The court in September 2011 had already found Russia guilty for having violated rights in the European convention by imposing excessive penalties on Yukos and for not giving it enough time to mount a legal defence.
Thursday’s decision aimed only to fix the amount of the fine on the three-year old verdict.
The court also ordered Russia to pay a €300,000 lump sum on top to cover the costs and expenses of the Dutch-based Yuko International Foundation.
The decision comes at a sensitive geo-political moment.
Russia’s economy is already set to lose billions following Western-economic sanctions for its role in the conflict raging in eastern Ukraine.
Russia’s ministry of justice said it “does not view this ruling as an example of a fair and unbiased approach to the legal and factual circumstances of the case”.
It noted it could appeal the decision within three months.
Headed by former oligarch Mikhail Khodorkovsky, Yukos filed for bankruptcy in 2006 before being liquidated the following year.

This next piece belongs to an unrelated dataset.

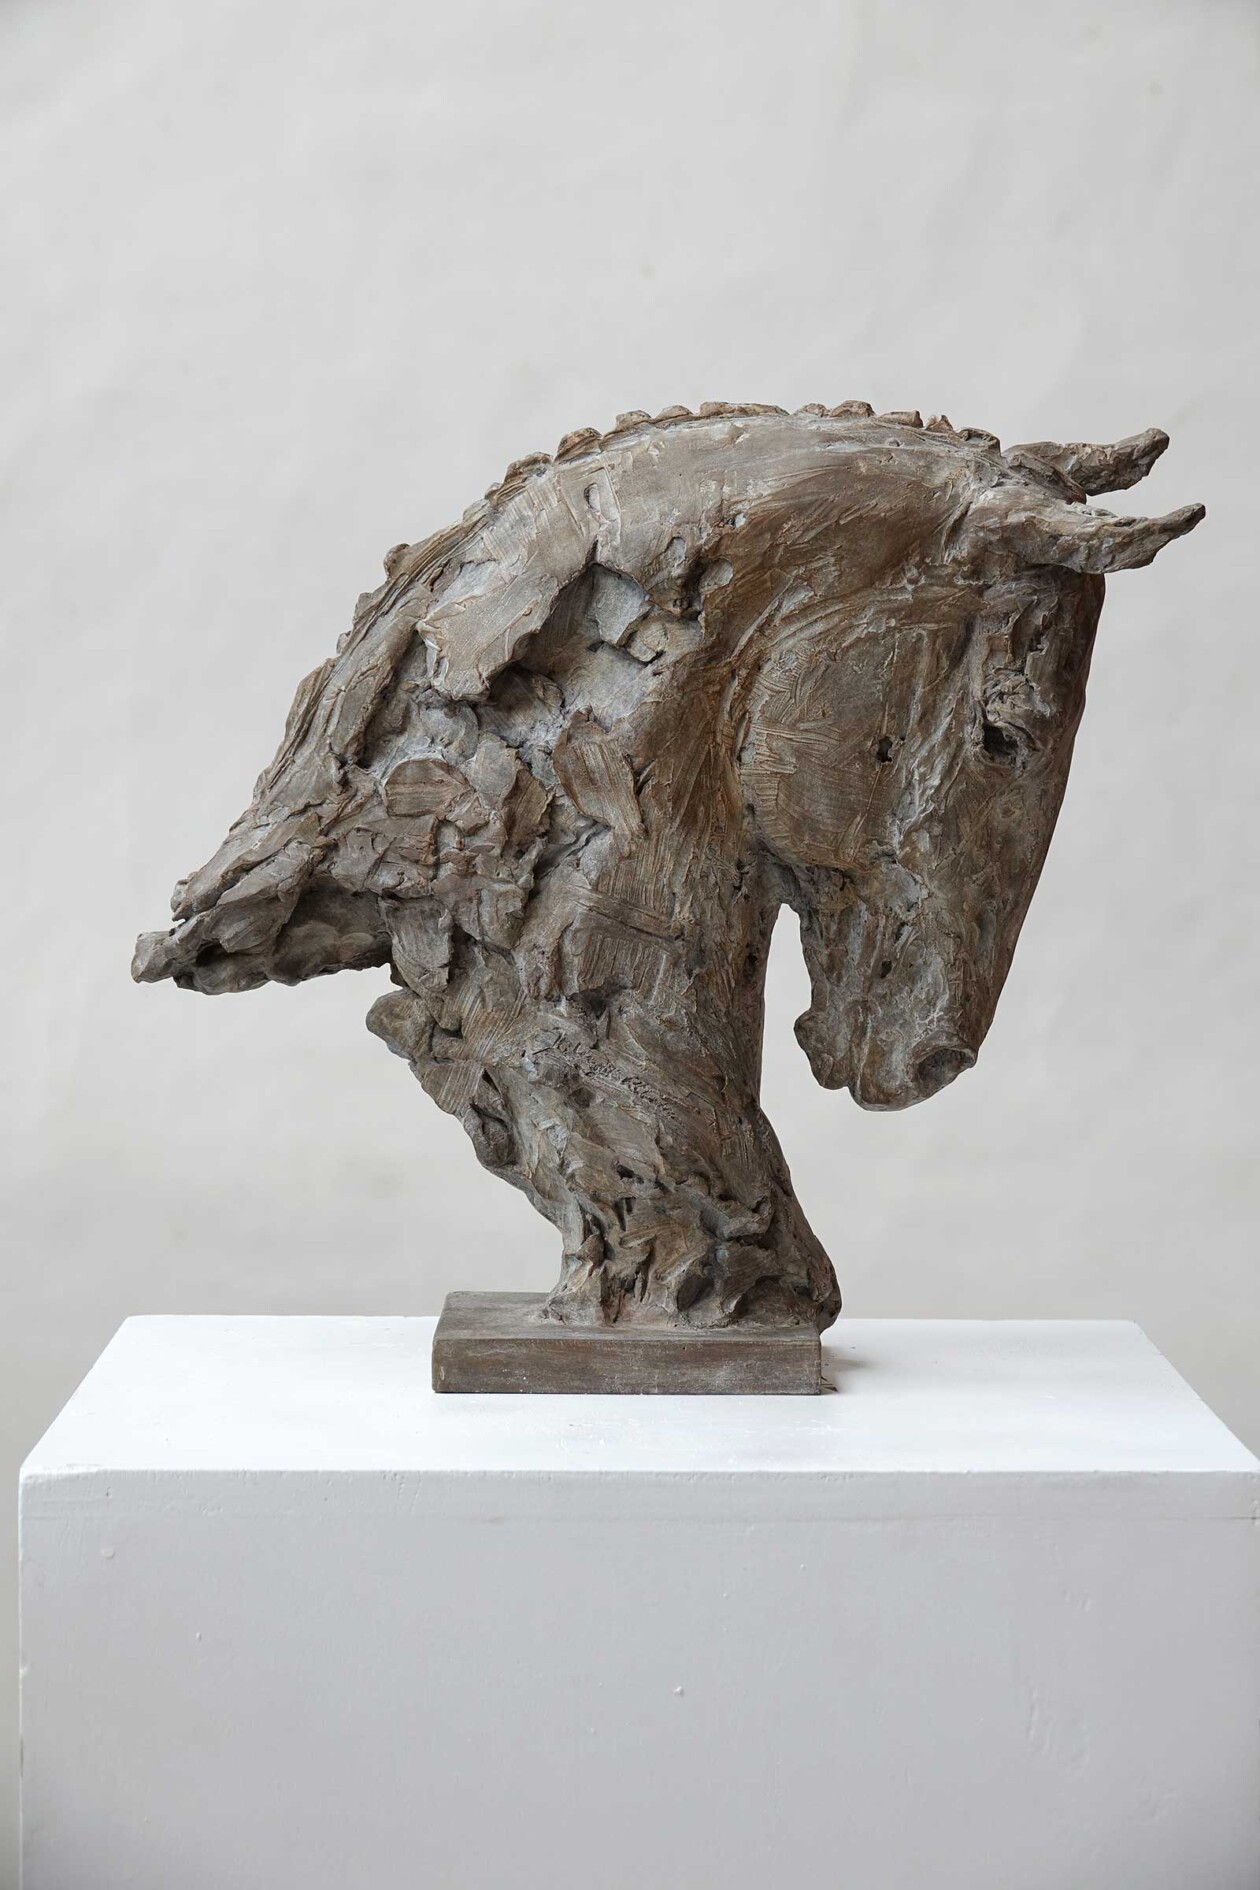 Jürgen Lingl Hand Carves Precise And Textured Figurative Sculptures From Wood (7)

Khodorkovsky, who now lives in Switzerland, spent nearly a decade in a Russian prison on charges of tax evasion.
Russian authorities said the former state-owned firm, which was privatised in 1995-6, was guilty of setting up sham companies to avoid paying taxes.
At the time, Yukos’ assets were seized pending litigation, preventing the company from repaying the debts.

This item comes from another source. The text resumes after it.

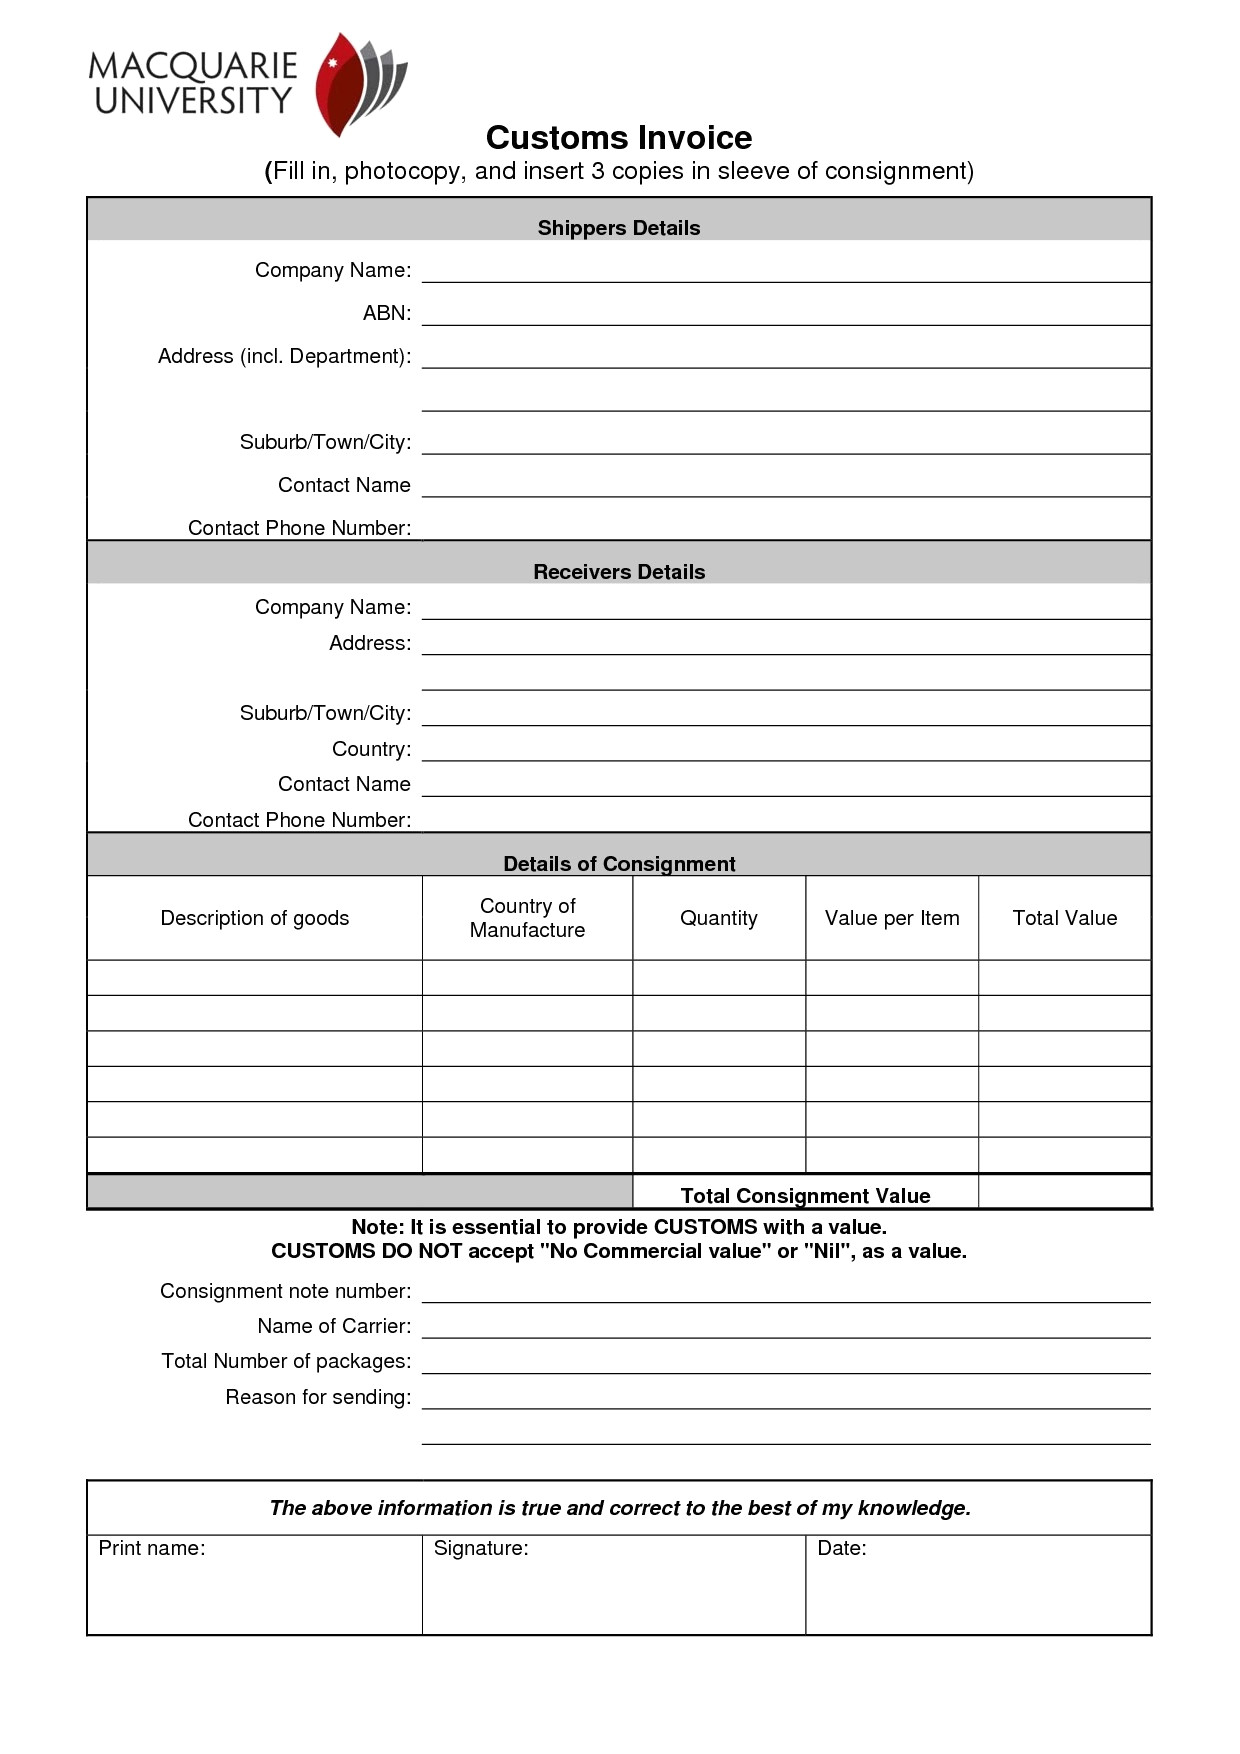 22579 personal chef invoice template the hidden agenda of personal chef invoice template

Russian authorities seized and auctioned off Yuganskneftegaz, a Yukos production subsidiary viewed as the group’s only hope for survival.
When the group finally went bust in 2007, most of its assets were taken over by Rosneft, an energy giant run by an ally of President Vladimir Putin.

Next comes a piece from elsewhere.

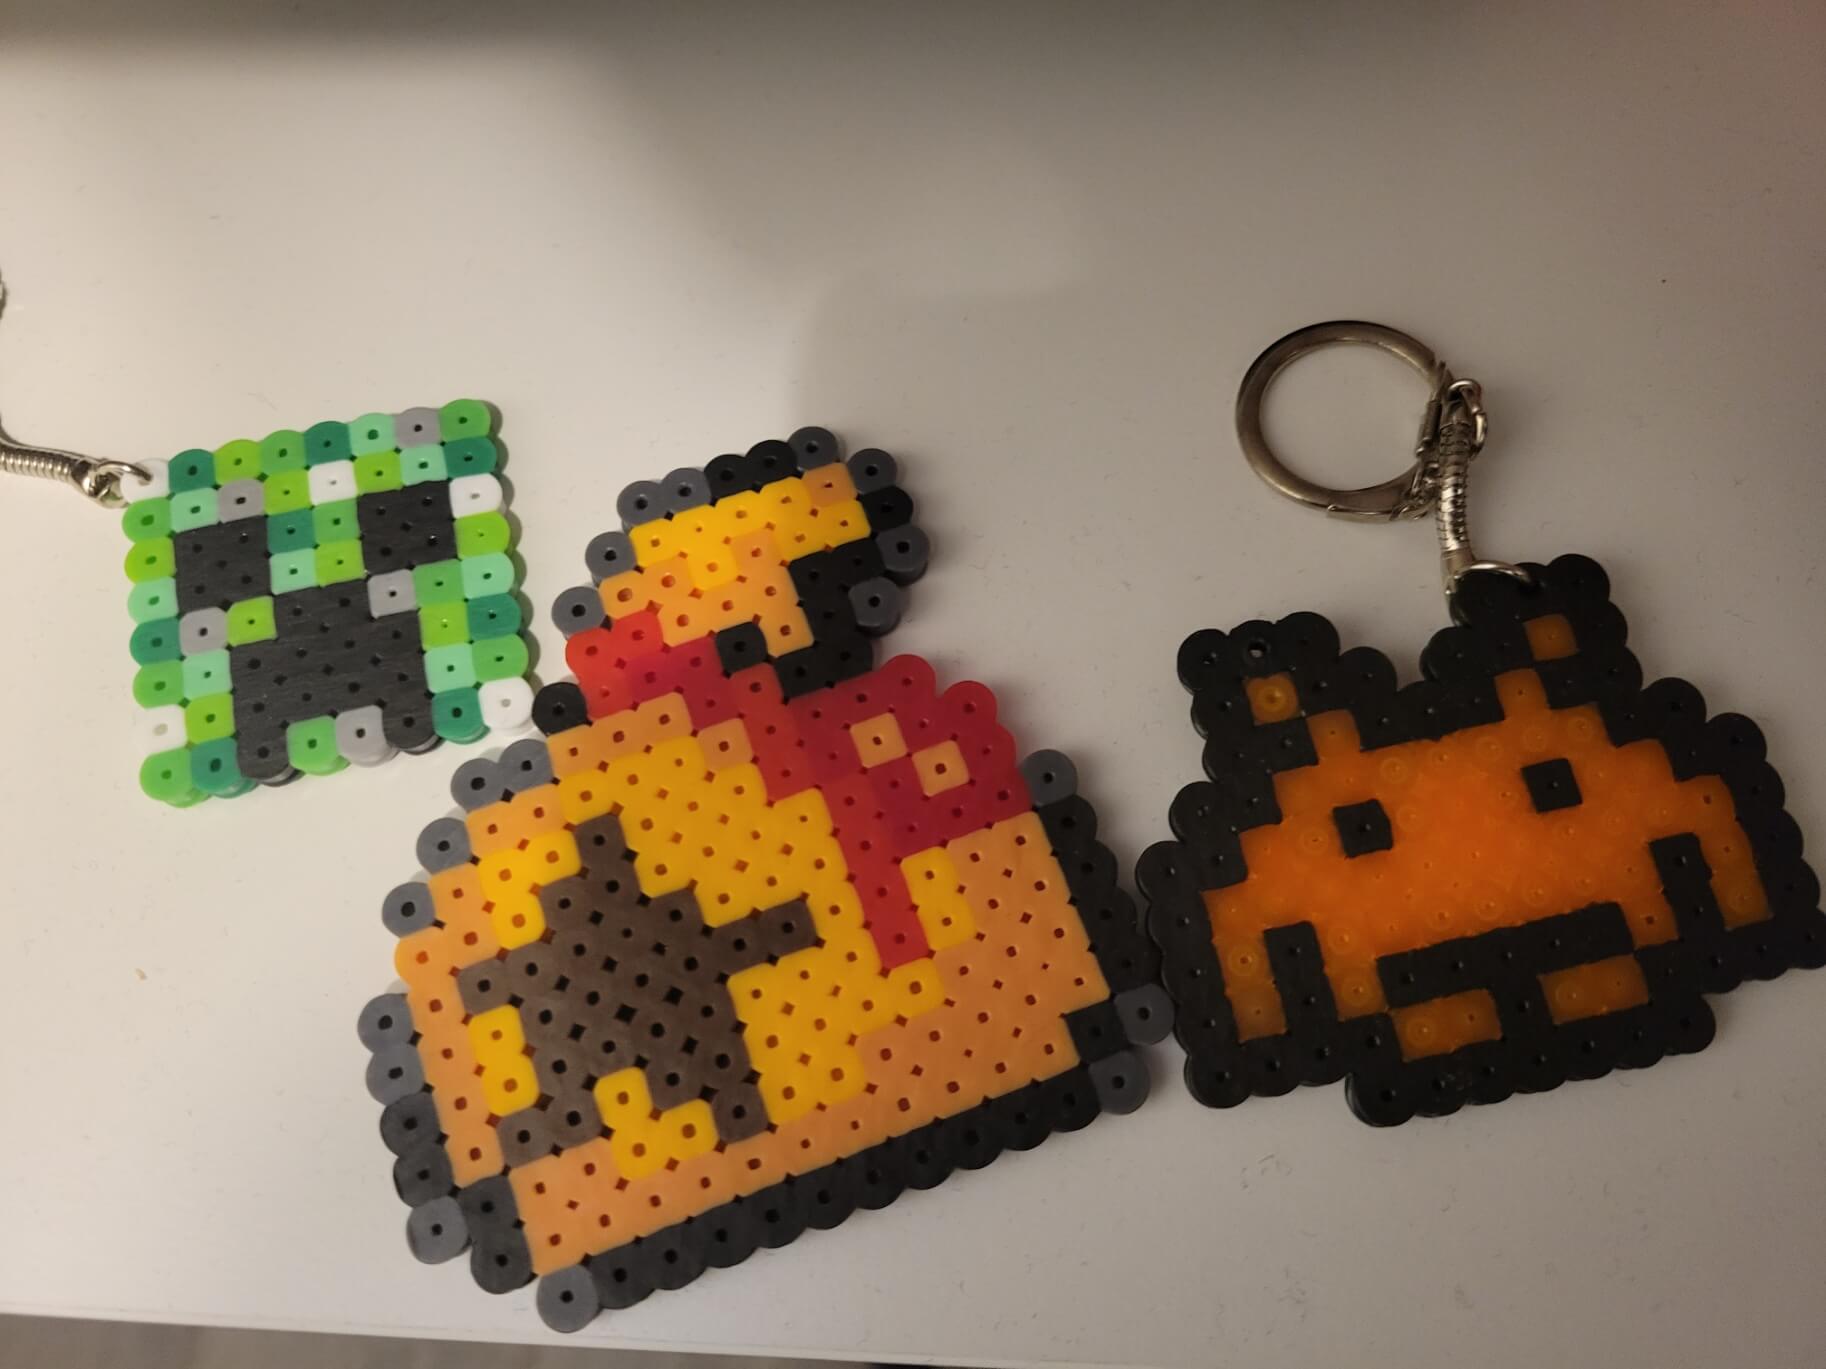 Creeper face (with keychain), Bell Bag from Animal Crossing, Space Invader (Orange, with keychain)

Lawyers representing Yukos had originally requested the Russian government pay €81 billion with daily interest but dropped it to €37.9 billion following the court’s 2011 judgement on the violations committed.
The Strasbourg court on Thursday dismissed the Yukos argument that the violations alone led to the company’s ultimate demise and confiscation of assets and so awarded them only €1.8 billon.
The decision comes on the heels of another much larger fine from an international arbitration court in The Hague earlier in the week.
In that case, Russia was fined €37 billion for having expropriated Yukos assets as part of a broader politically-motivated campaign of attacks against the company.